Shout Outs to Bolders & Ola Osifo Osaze’s Feature Profile

by BOLD

BOLD alumni are making their mark throughout the country. Their collective impact is felt in areas as diverse as climate justice, gender rights, and food justice, as they bring national attention to the intersections of race with these issues and inspire other emerging leaders. We are pleased to shout them out for their achievements and recent mentions in the media!

  • A story in Essence Magazine featured Dara Cooper, national organizer with the National Black Food and Justice Alliance. The article explores the countours of the Food Apartheid movement through a critical race theory and justice lens that advances food access and equality. Drawing on the resilience of Black communities, NBFJA is dedicated to developing equitable systems of food distribution, food production, food access, and health in marginalized communities.
  • BOLD Trainer Adrianne Maree Brown’s book Pleasure Activism made #6 on the New York Times Bestseller List!  In addition to being a BOLD trainer, Adrienne is an environmental activist,doula, and self-defined pleasure activist.
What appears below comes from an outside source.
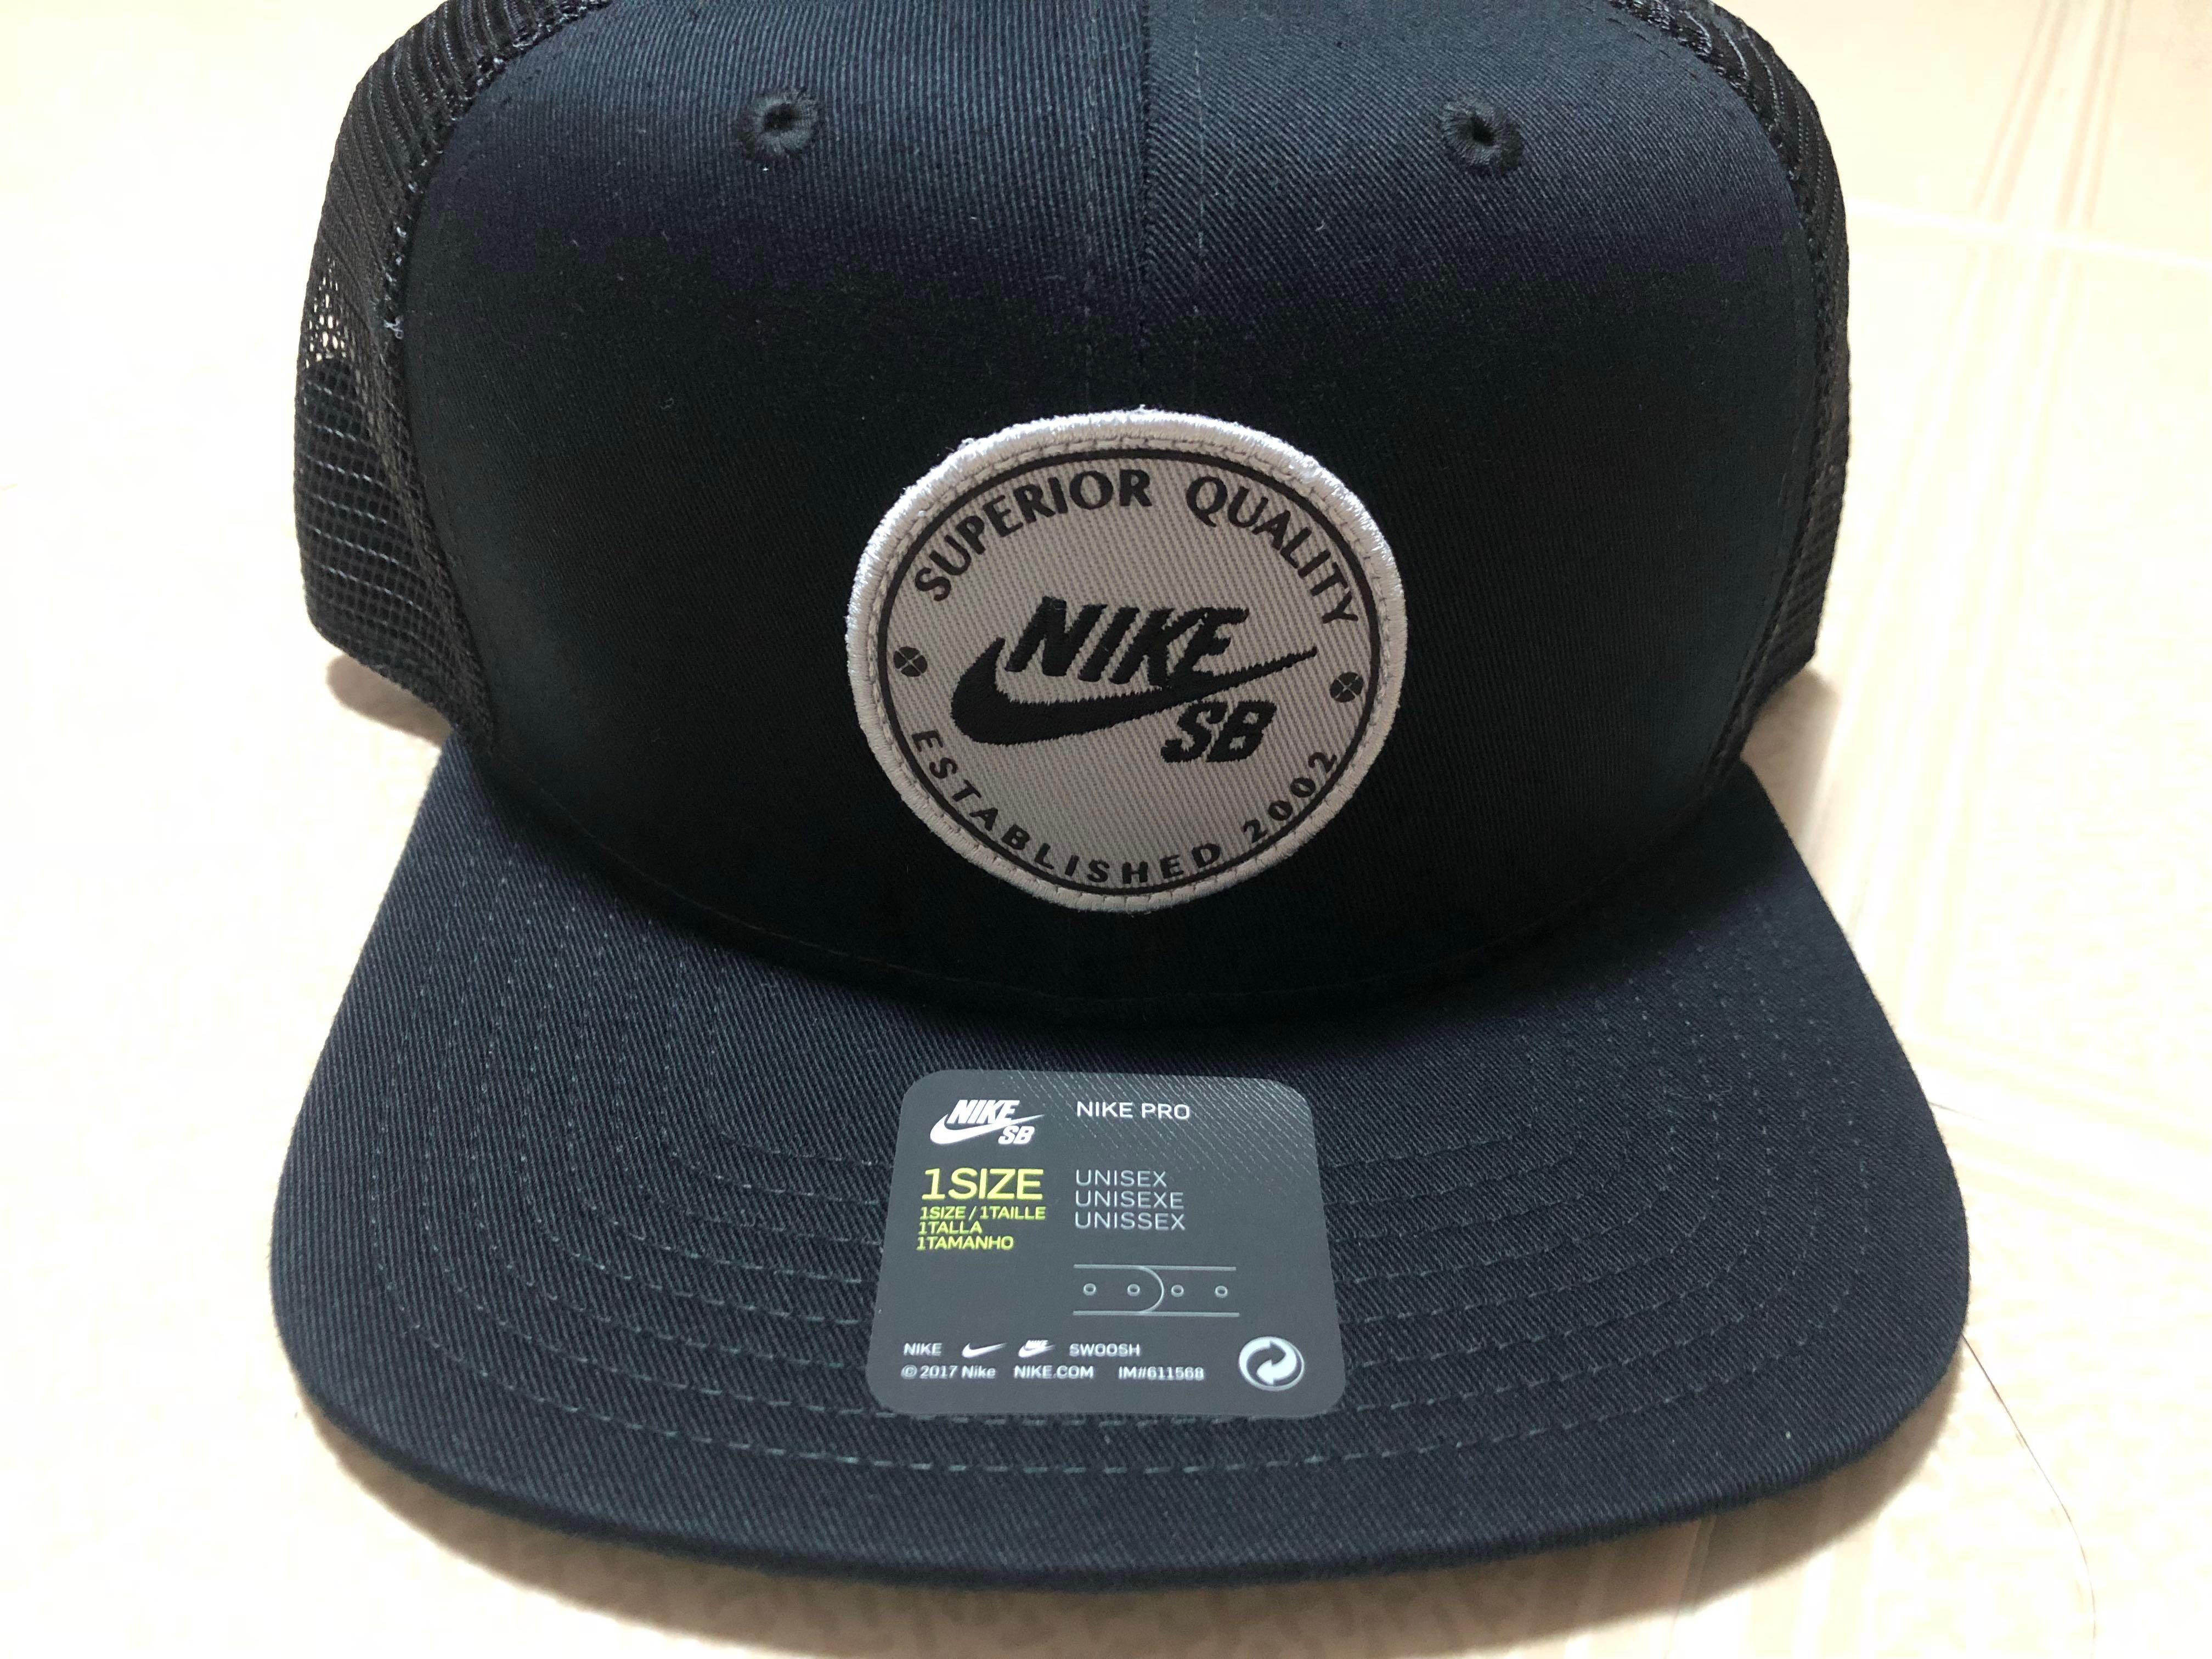 482e40f6 Nike SB Cap/Hat Unisex, Women's Fashion, Accessories, Caps & Hats on  Carousell

Her book highlights the power, politics and paths towards pleasure, exploring the dynamics of everything that makes us feel good–sex and the erotic, drugs, fashion, food/cooking, humor, passion work, connection, music and other arts, and more.  
  • Ash-Lee Woodard Henderson is the first Black female Executive Director of the Highlander Center, an organization founded in the 1930s as a “folk school” to train labor organizers throughout Appalachia and the South. Sojourners, a faith-based publication dedicated to social justice, recently profiled her. Henderson is a longtime leader, a community organizing veteran and an activist working around issues of mountaintop removal mining, and environmental racism in central and southern Appalachia. She is also an active participant in the Movement for Black Lives. 

Feature Profile

Our featured BOLDER is Ola Osifo Osaze. Ola is a trans masculine queer of Edo and Yoruba descent who migrated to the U.S. from the Delta State of Nigeria. Ola has been an activist for many years during which time they co-founded the Black LGBTQ+ Migrant Project, and worked with Transgender Law Center in Oakland, as well as the Audre Lorde Project, Uhuru Wazobia, Queers for Economic Justice and the Sylvia Rivera Law Project. 
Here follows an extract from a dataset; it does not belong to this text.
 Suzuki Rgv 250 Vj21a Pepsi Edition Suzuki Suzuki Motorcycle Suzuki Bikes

Like many BOLD alumni, Ola brings the fullness of their being to their work, expressing their talents in creative writing that has been published in Saraba Magazine, Apogee, Qzine, Black Looks and the anthologies Queer African Reader and Queer Africa II. According to one review of their work, “Ola writes to visibilize the myriad journeys and resiliency of queer/trans African migrants, particularly those straddling the worlds of West Africa and North America.”
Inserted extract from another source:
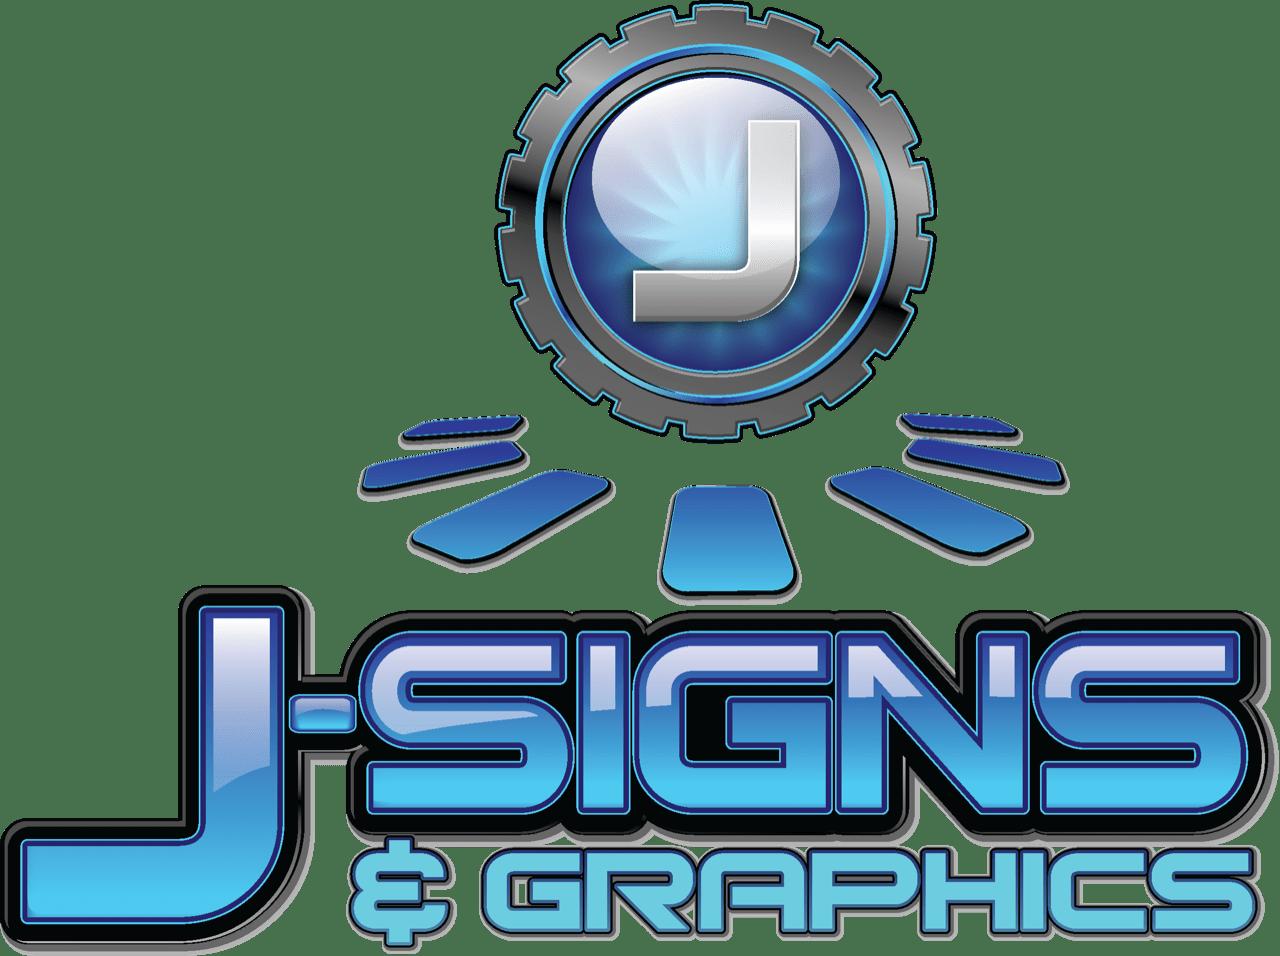 J-Signs
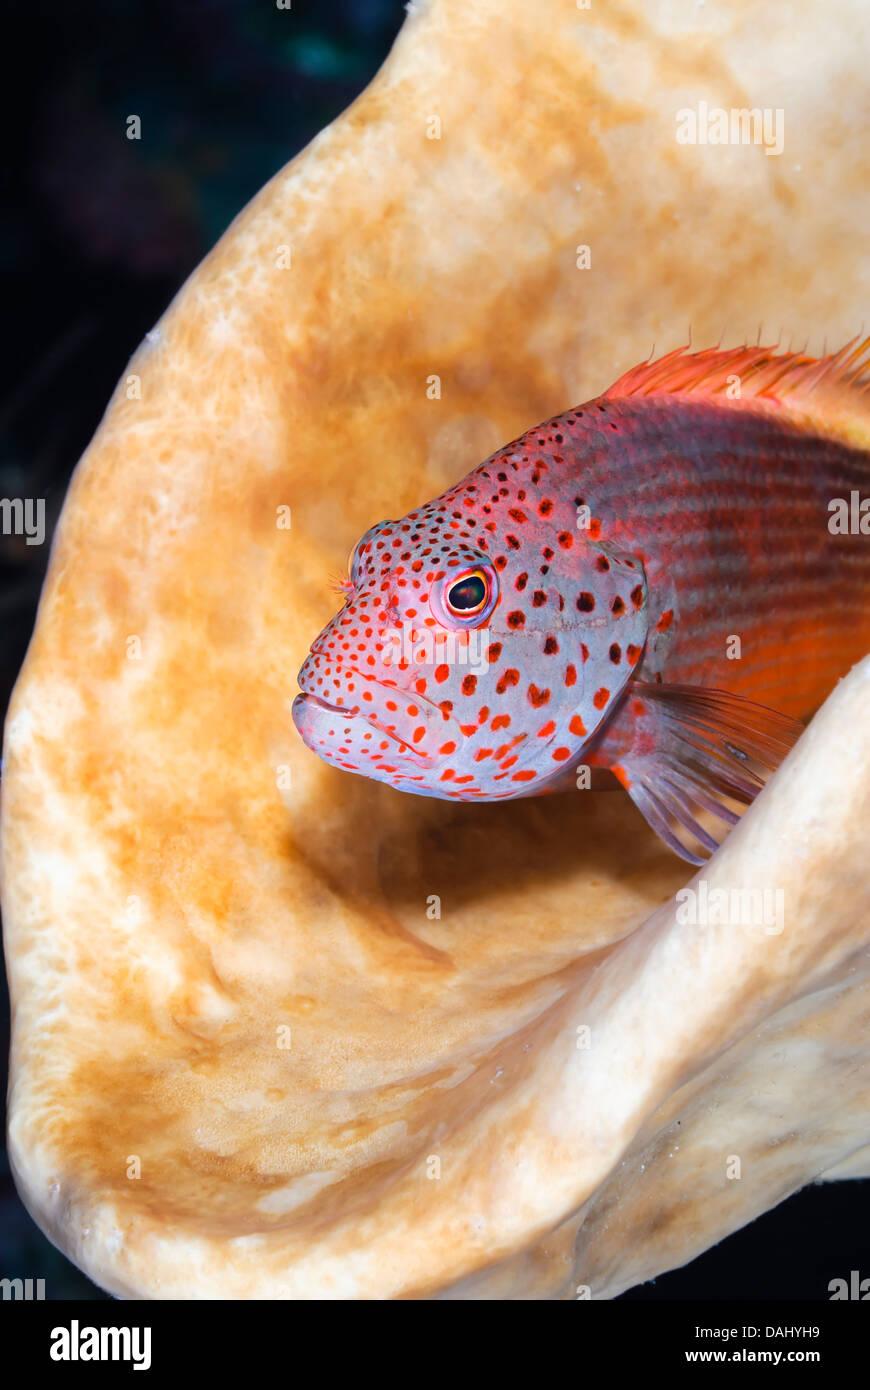 Freckled hawkfish, Paracirrhites forsteri, Bunaken Marine Park, North Sulawesi, Indonesia, Pacific - Stock Image

When we last spoke to them, Ola was immersed in legal battles to protect the security and immigration status of displaced LGBTQ migrants. In the case of Sza Sza, a Black trans woman from the island of Jamaica who is fighting for status in this country, the legal limbo their client has faced over the past seven years is compounded by the uncertainties and indignities of the new Trump regime, including the harsh rollback of the asylum system. 

Ola sited BOLD as a vital resource for the development of their networks of leadership. 

“My colleagues Audu, Femi, and I first met at BOLD’s Amandla training in early 2017, which was where – right there at Bricks – we started to dream up this organization and work,” they said. “A couple months later, we held our first gathering of trans/queer Black migrants and incorporated a lot of what we’d learned during Amandla.”